» **TASK STATEMENT**
Word for word, reproduce the listing that follows, excluding any pictures it contains.

» **RECORDED DATA**
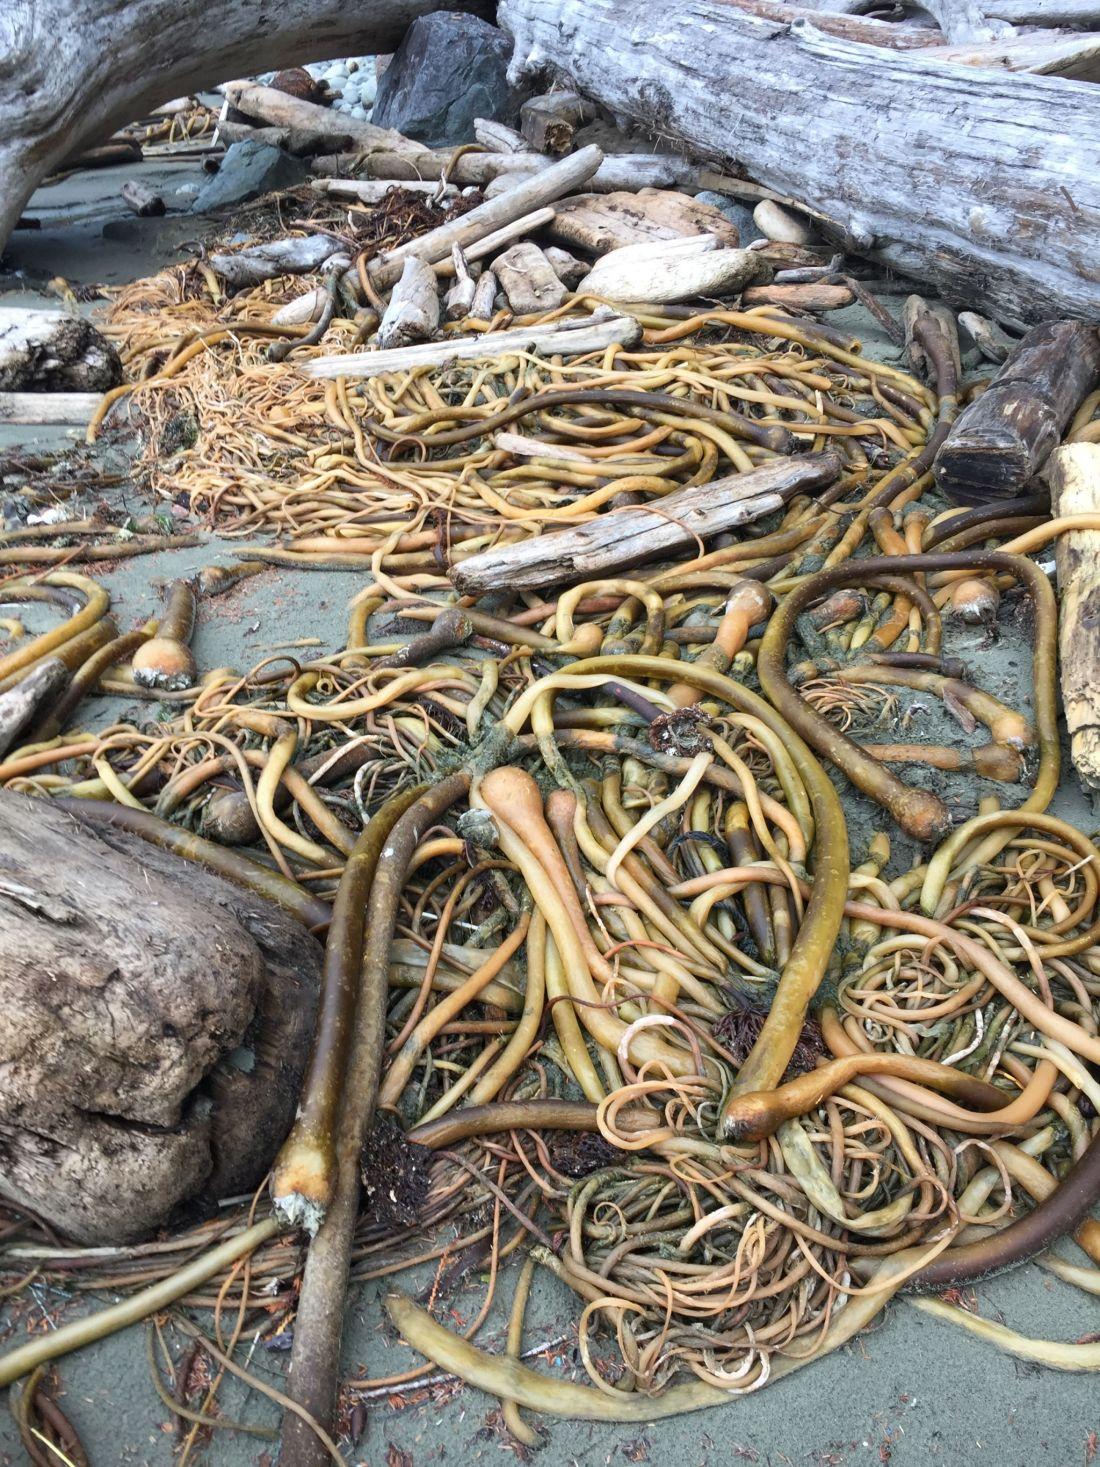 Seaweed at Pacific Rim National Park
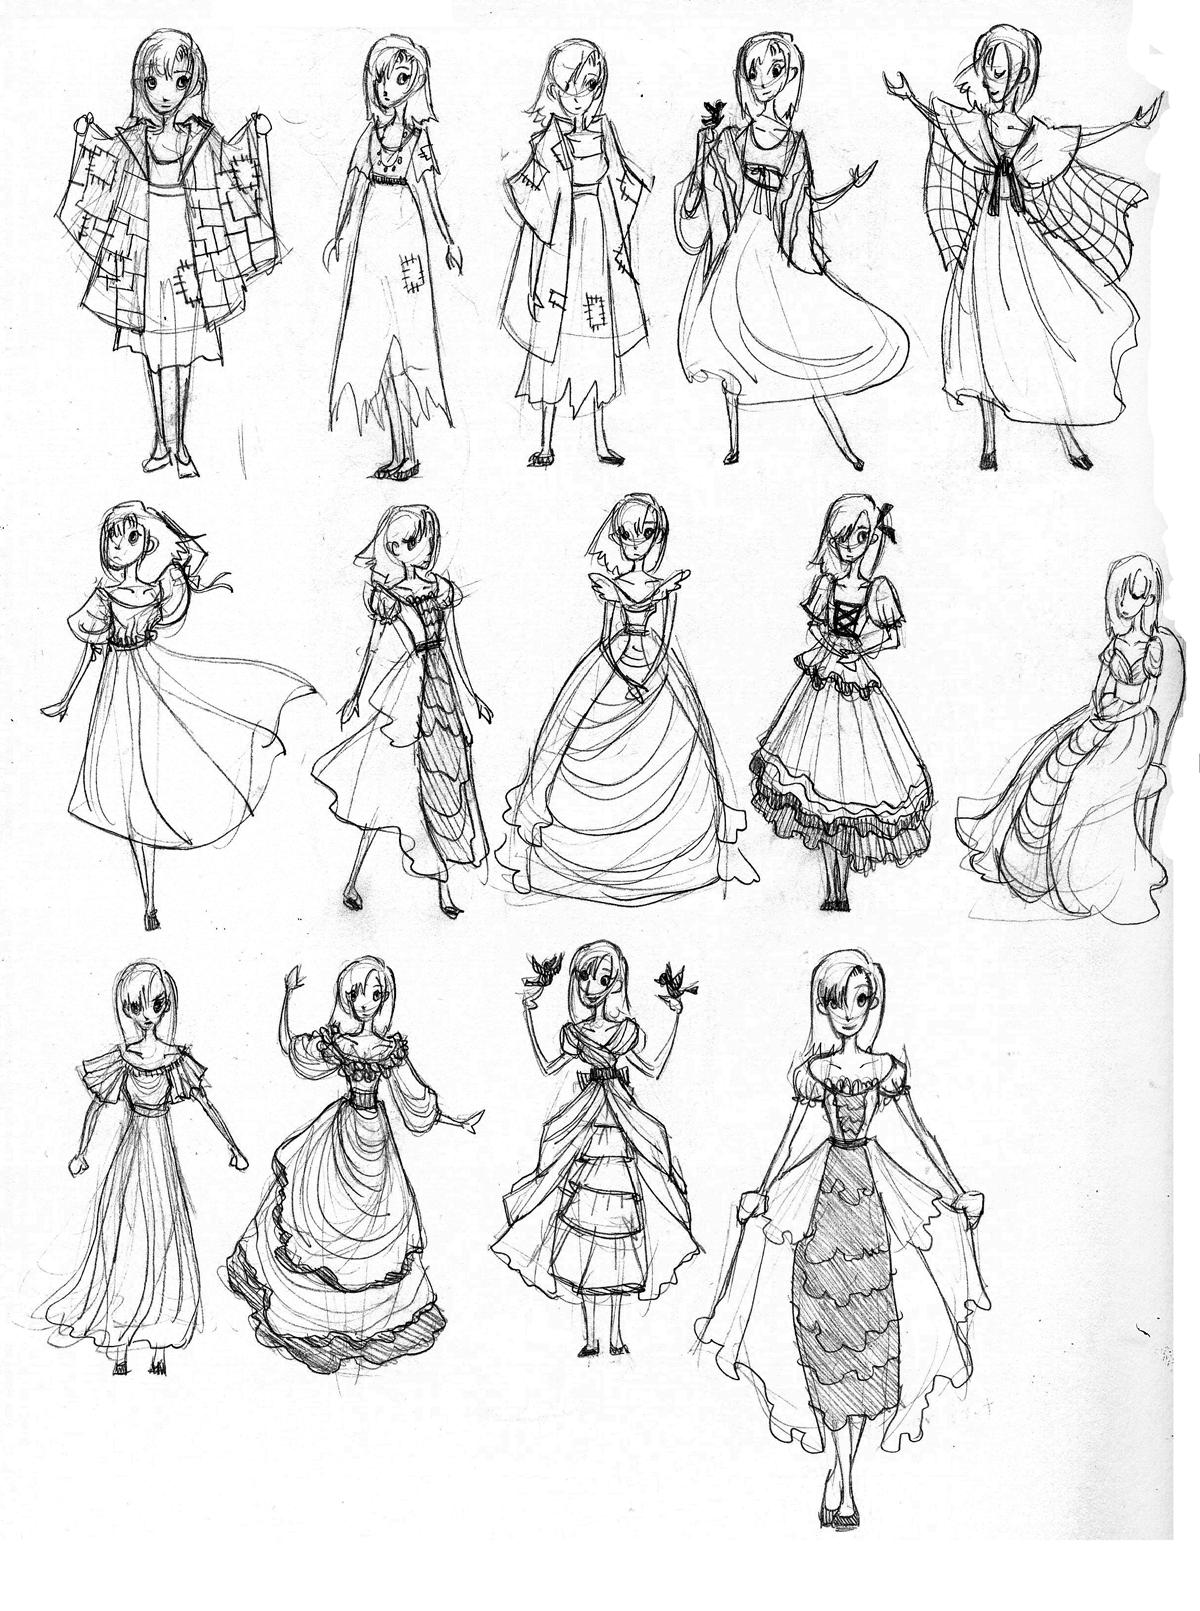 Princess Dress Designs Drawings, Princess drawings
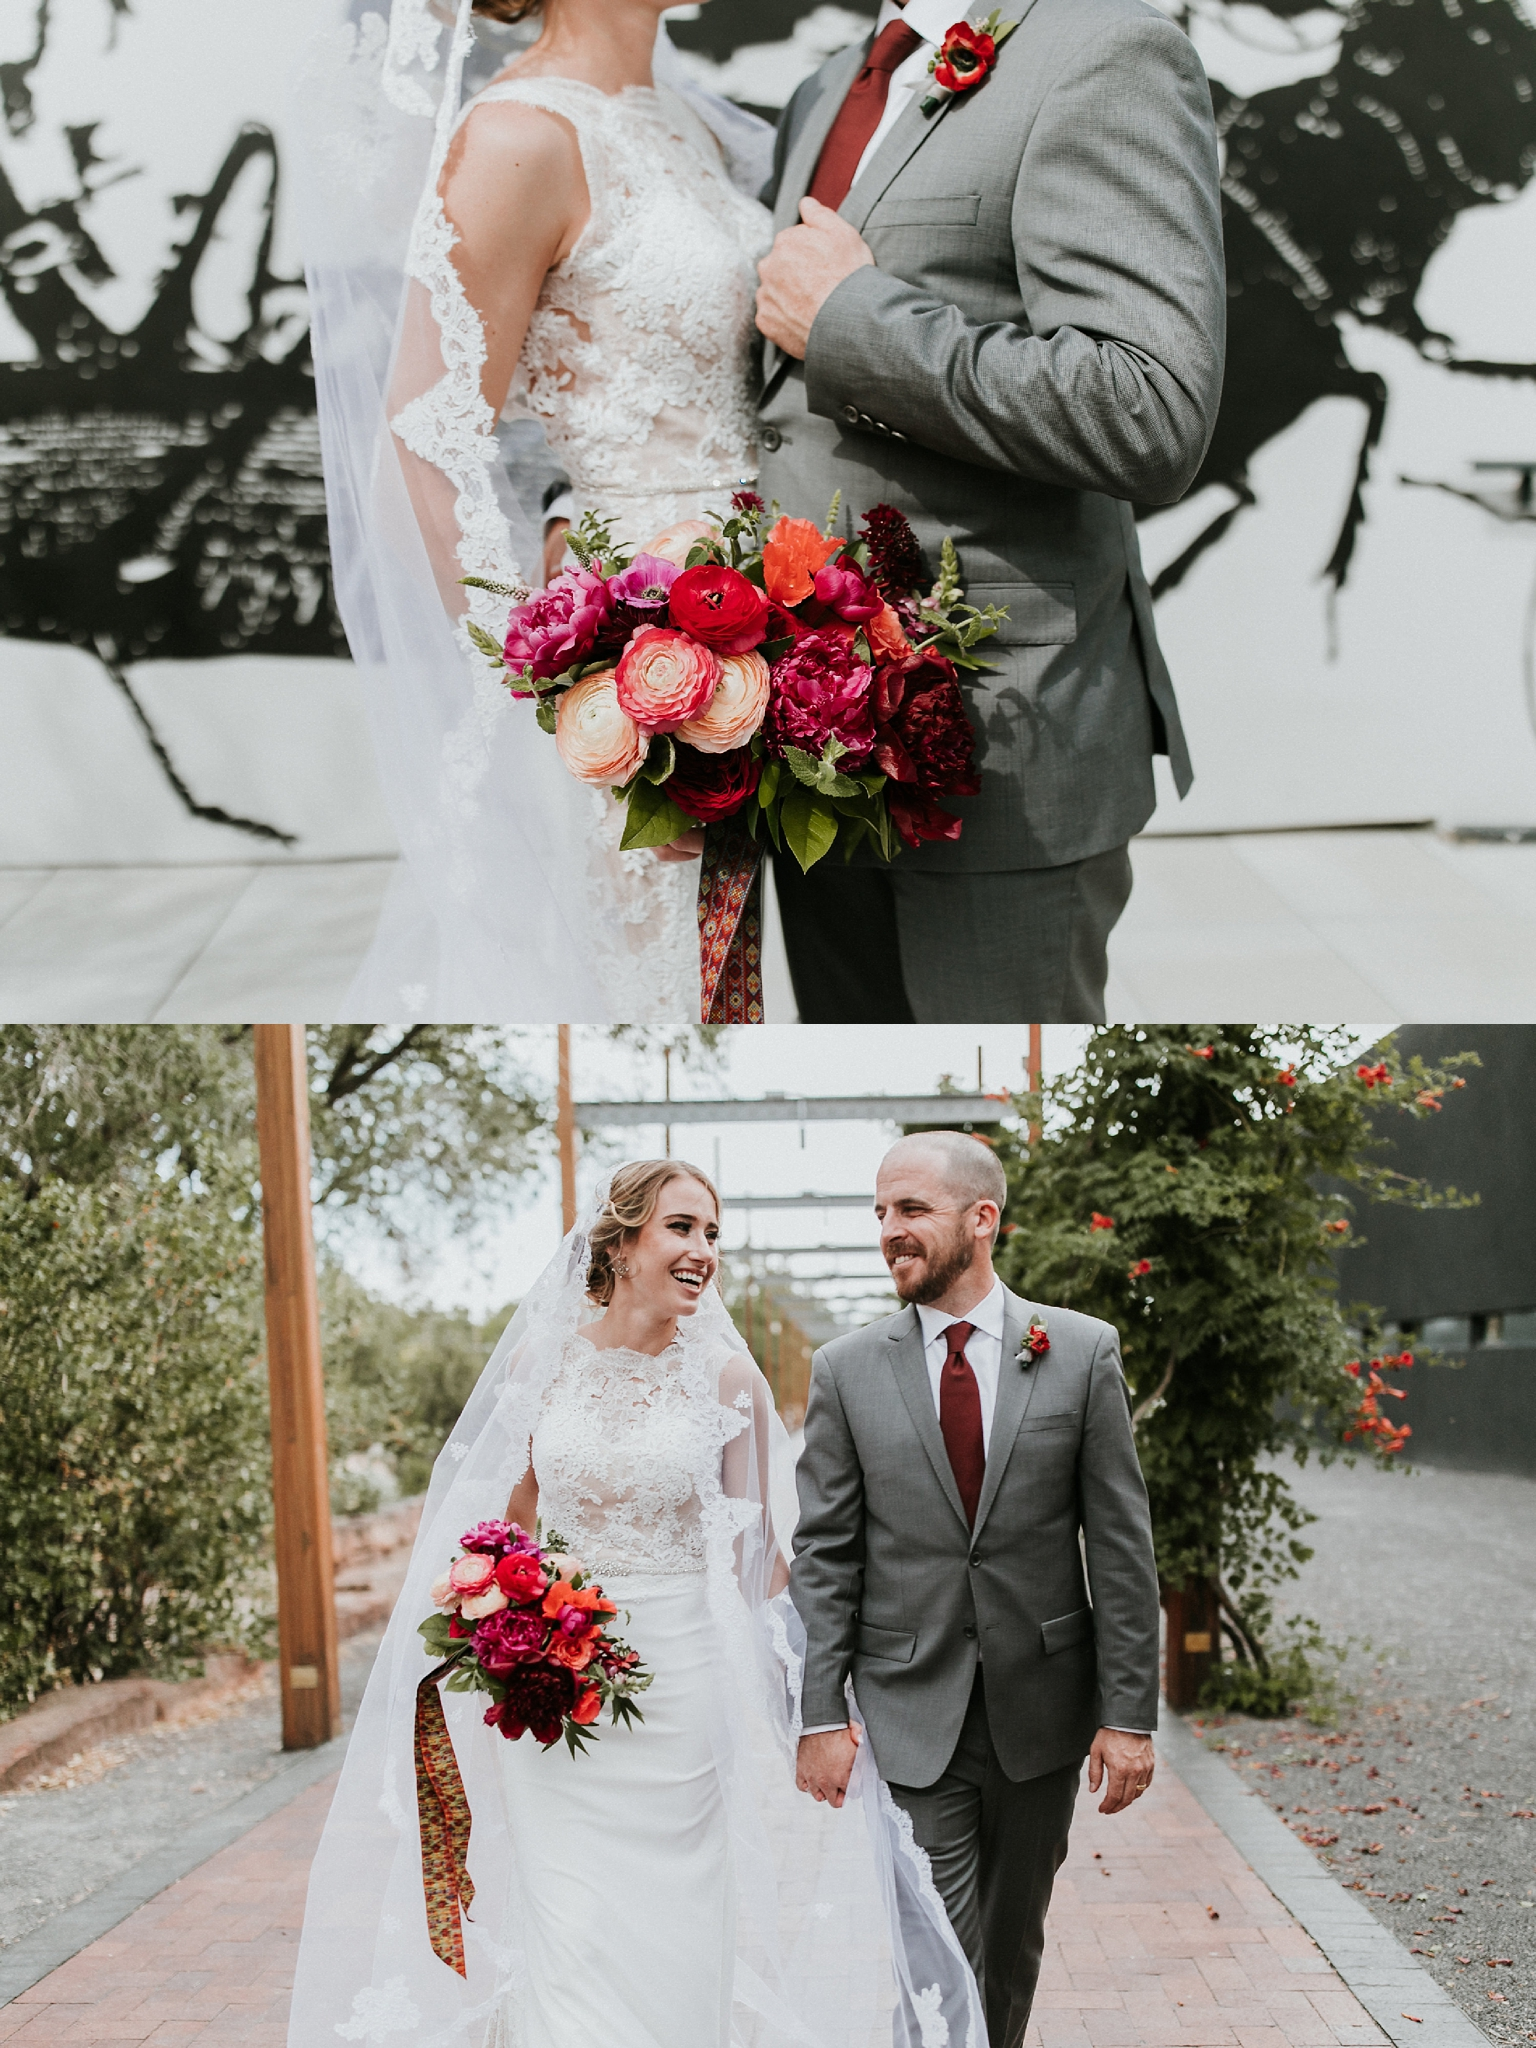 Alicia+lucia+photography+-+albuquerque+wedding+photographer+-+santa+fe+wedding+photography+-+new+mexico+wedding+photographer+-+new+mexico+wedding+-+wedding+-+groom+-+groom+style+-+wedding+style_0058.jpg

» **EXPECTED ANSWER**
 Seaweed at Pacific Rim National Park
 Princess Dress Designs Drawings, Princess drawings
 Alicia+lucia+photography+-+albuquerque+wedding+photographer+-+santa+fe+wedding+photography+-+new+mexico+wedding+photographer+-+new+mexico+wedding+-+wedding+-+groom+-+groom+style+-+wedding+style_0058.jpg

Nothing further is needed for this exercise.